本記事では、代行会社のタイプの分け方から、料金・設計力・改善体制・実績を比べるときに見る項目、そのまま使える比較表の型、問い合わせで聞く質問リストまでを整理しました。会社名を挙げたおすすめ順位ではなく、自社で候補を絞り込むための道具をお渡しする記事です。

この記事でわかること

  • 代行会社の4つのタイプ: 専業・営業代行兼業・コールセンター派生・フリーランスの強い場面と弱い場面、費用の性質を整理します。
  • 料金体系の比べ方: そろえないと比較にならない条件と、「1アポあたりの実効コスト」に換算する手順を示します。
  • 設計力と改善体制の見分け方: 発注前に何を見せてもらえば差が分かるのかを、確認する行動の形で書いています。
  • そのまま使える比較表の型: 行に入れる確認項目10個と、重みの付け方・並べる社数の目安を扱います。
  • 問い合わせで聞く質問10問: 質問ごとに「この答えなら安心」「この答えは確認が必要」を添えています。

目次

テレアポ代行会社は何で違うのか(会社のタイプ)

テレアポ代行会社は、大きく4つのタイプに分かれます。テレアポ代行専業、営業代行兼業型、コールセンター派生型、フリーランス・個人の4つです。タイプが違えば、得意な場面も、料金の付き方も、自社が用意すべきものも変わります。

比較の最初にやることは、候補として挙がっている会社がどのタイプなのかを見分けることです。ここを飛ばすと、性質の違う会社の見積もりを金額だけで並べることになり、判断を誤ります。

同じ土俵に並べるまでの流れ観点1会社のタイプ4つに分ける観点2料金体系単位をそろえる観点3設計力開始前に確認観点4改善体制稼働後の回し方観点5実績近さで見る比較表に落とす行=確認項目10個/列=候補3〜5社問い合わせで埋める質問10問で空欄をなくす※ 空欄が残った項目は、その会社の弱点ではなく「まだ聞けていない項目」として扱ってください。

4つのタイプと、それぞれの強い場面・弱い場面

タイプごとの違いは次のとおりです。費用の性質は各社で異なるため、あくまで傾向として見てください。

タイプ 強い場面 弱い場面 費用の性質
テレアポ代行専業 商材・業界に合わせた設計と改善。BtoB向けが多い テレアポ以降の営業プロセスは自社で対応が必要 成果報酬・コール課金・月額固定と各社で異なる
営業代行兼業型 アポイント獲得から商談まで一括で外注できる テレアポ部分だけの切り出しに対応する会社と、フルファネル前提の会社がある 月額固定が中心
コールセンター派生型 オペレーターの人数が多く、リスト消化のスピードが速い 商材理解が浅くなりやすい。改善の仕組みが形だけになりやすい コール課金が多い傾向。各社で異なる
フリーランス・個人 コストが安い。小予算でのスモールテストに向く 品質のばらつきが大きい。管理・教育のコストが自社にかかる 時給または件数単価

テレアポ代行専業は、テレアポそのものに特化した会社です。スクリプト設計・リスト作成・稼働後の改善まで対応する会社が多く、商材に合わせて作り込みたい場合に向いています。ただし、アポイントの先にある商談やクロージングは自社で担当する前提になります。
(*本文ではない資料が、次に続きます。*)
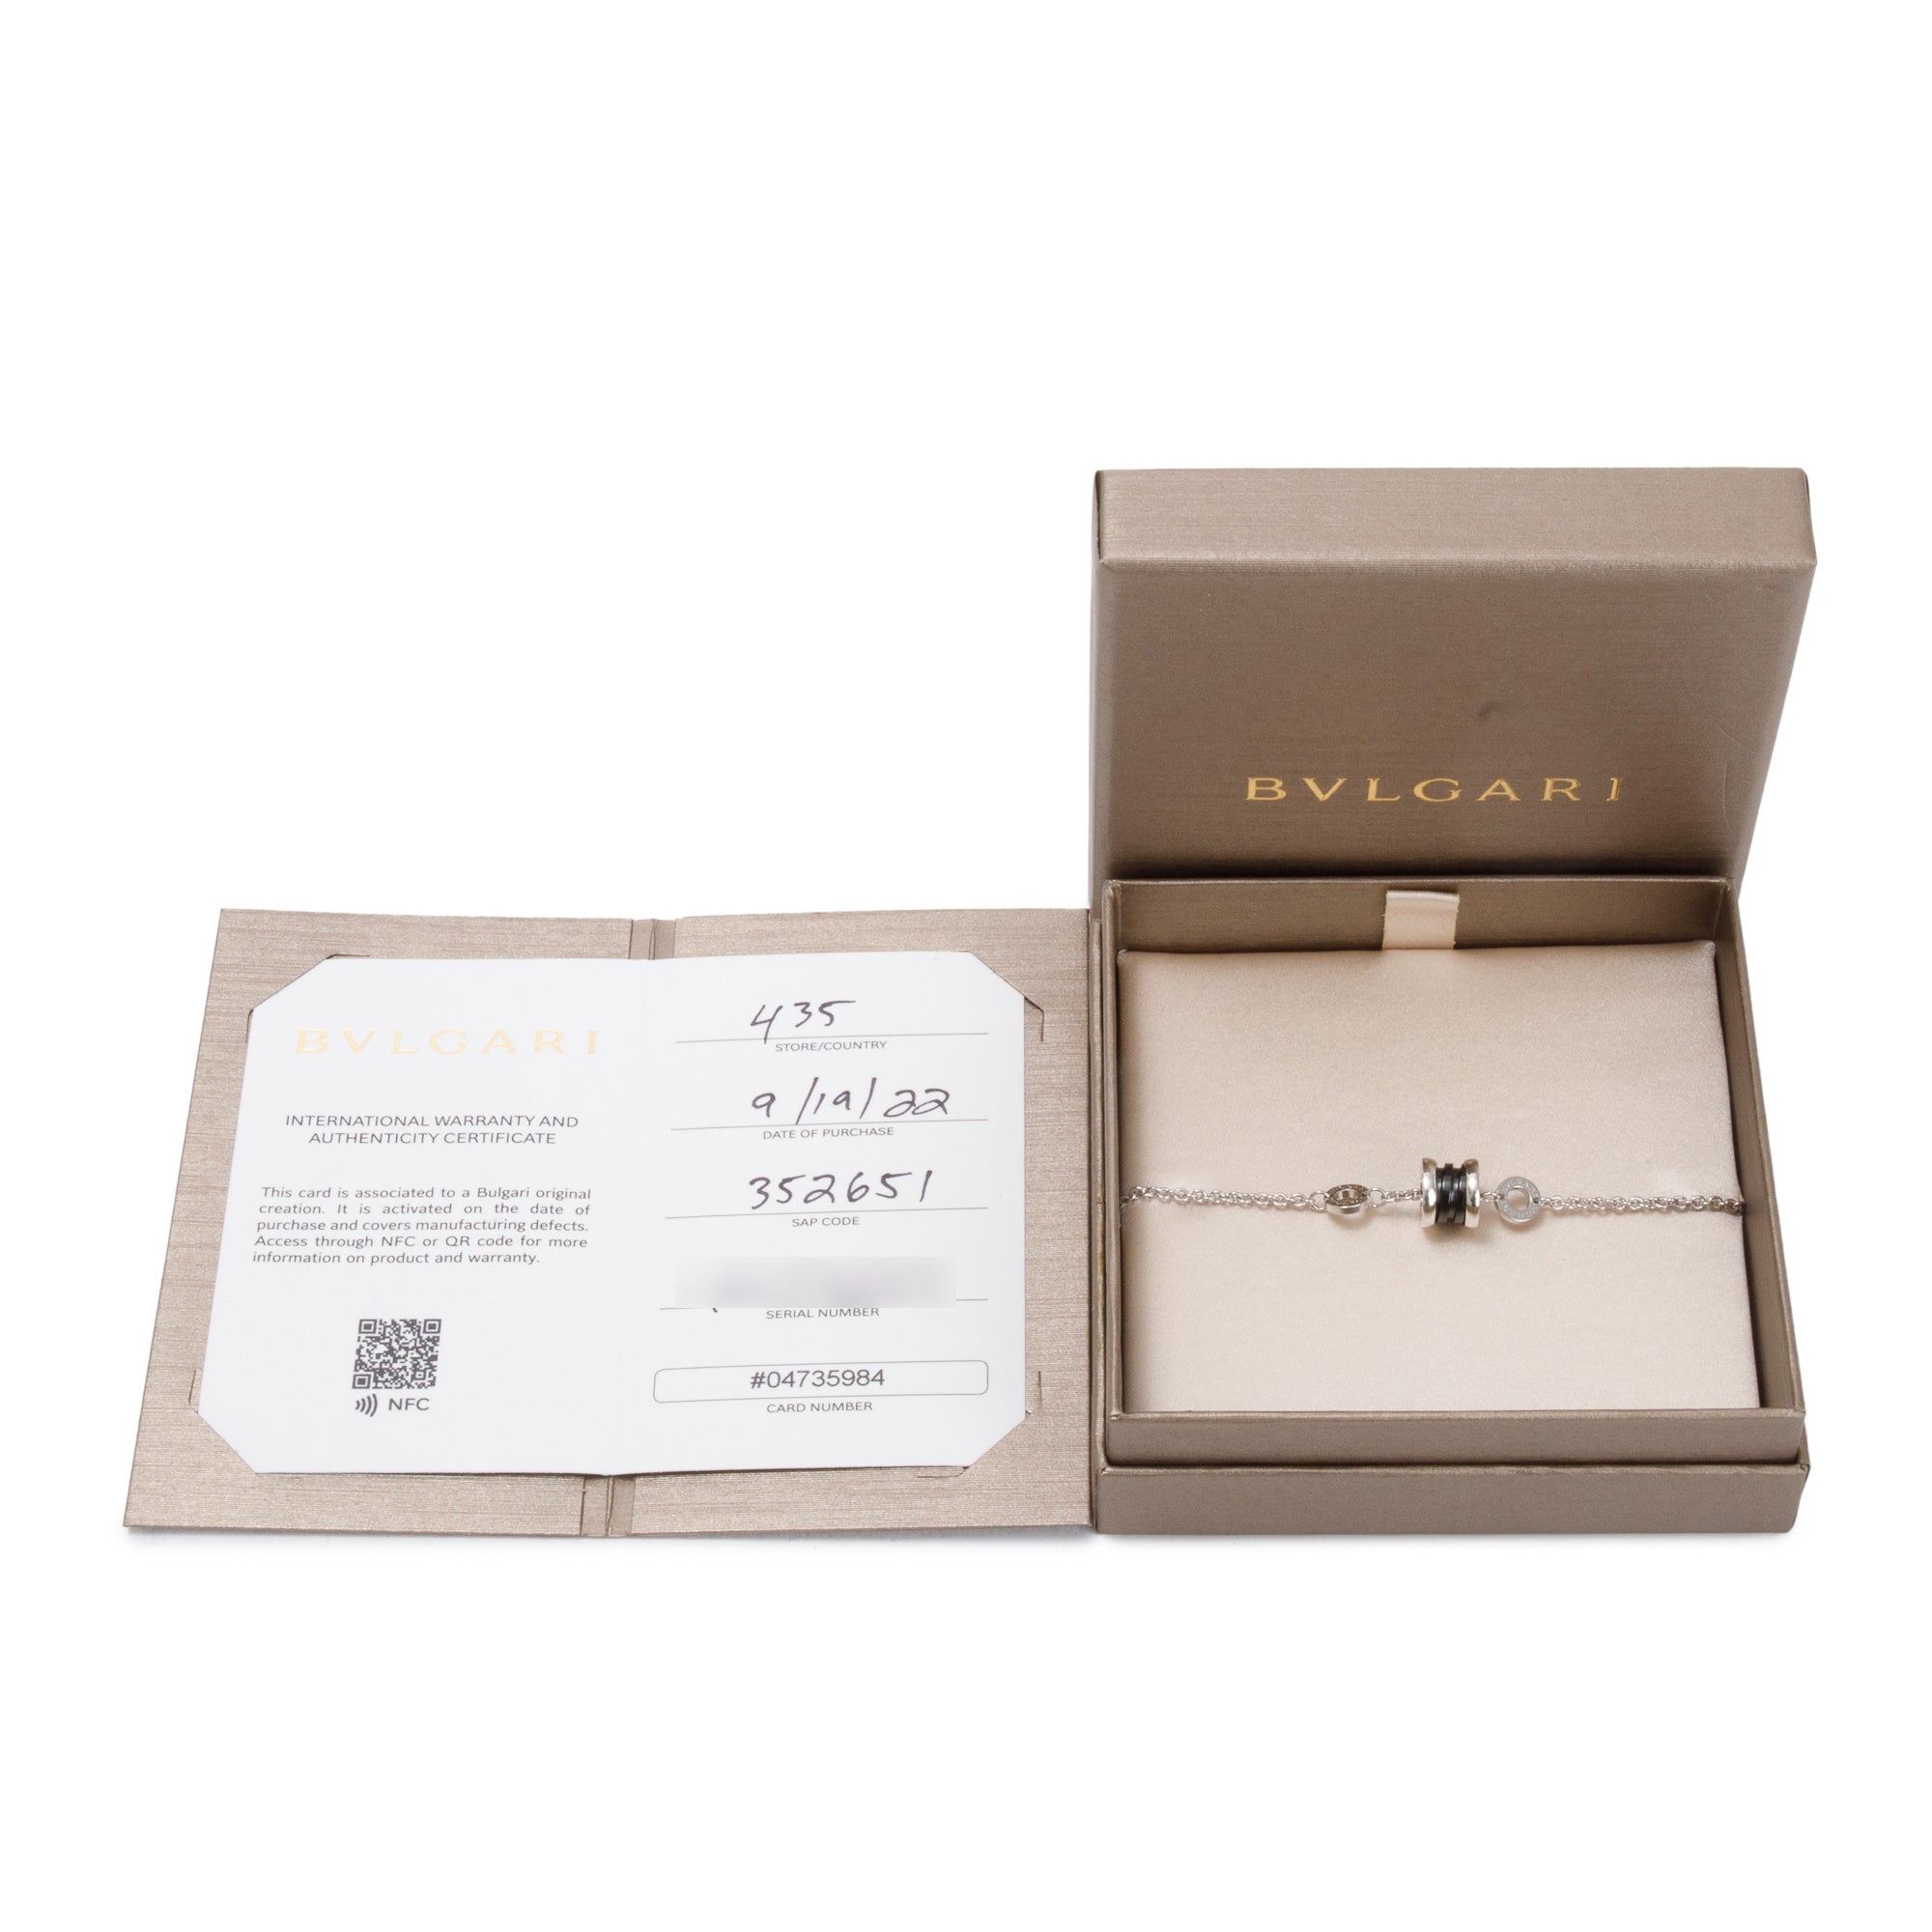 Bvlgari Bvlgari Bracelet,Rose Gold with Diamonds,Authentic,made In Italy |  eBay

営業代行兼業型は、テレアポをアポイント獲得のフェーズとして組み込み、商談・クロージングまでワンストップで提供します。営業人員が足りていない場合に有効ですが、テレアポだけを切り出して依頼できるかどうかは会社によって分かれます。

コールセンター派生型は、インバウンドとアウトバウンドの両方に対応している会社が、テレアポをメニューの一つとして提供しているものです。架電量を確保しやすい一方で、商材の理解が浅いまま数をこなす形になりやすい点は確認が必要です。

フリーランス・個人は、クラウドソーシングやSNS経由で個人に依頼する形です。小さく試すには適していますが、品質のばらつきと、自社側の管理工数をあらかじめ見込んでおく必要があります。個人に依頼する場合の注意点はフリーランスのテレアポ代行で扱っています。

多くの企業は、タイプを意識せずに並べている

実際の支援の場では、相談に来る企業の多くが会社のタイプを意識して比較していません。「成果報酬かどうか」「月額固定か」といった費用体系を軸に候補を並べているケースが大半です。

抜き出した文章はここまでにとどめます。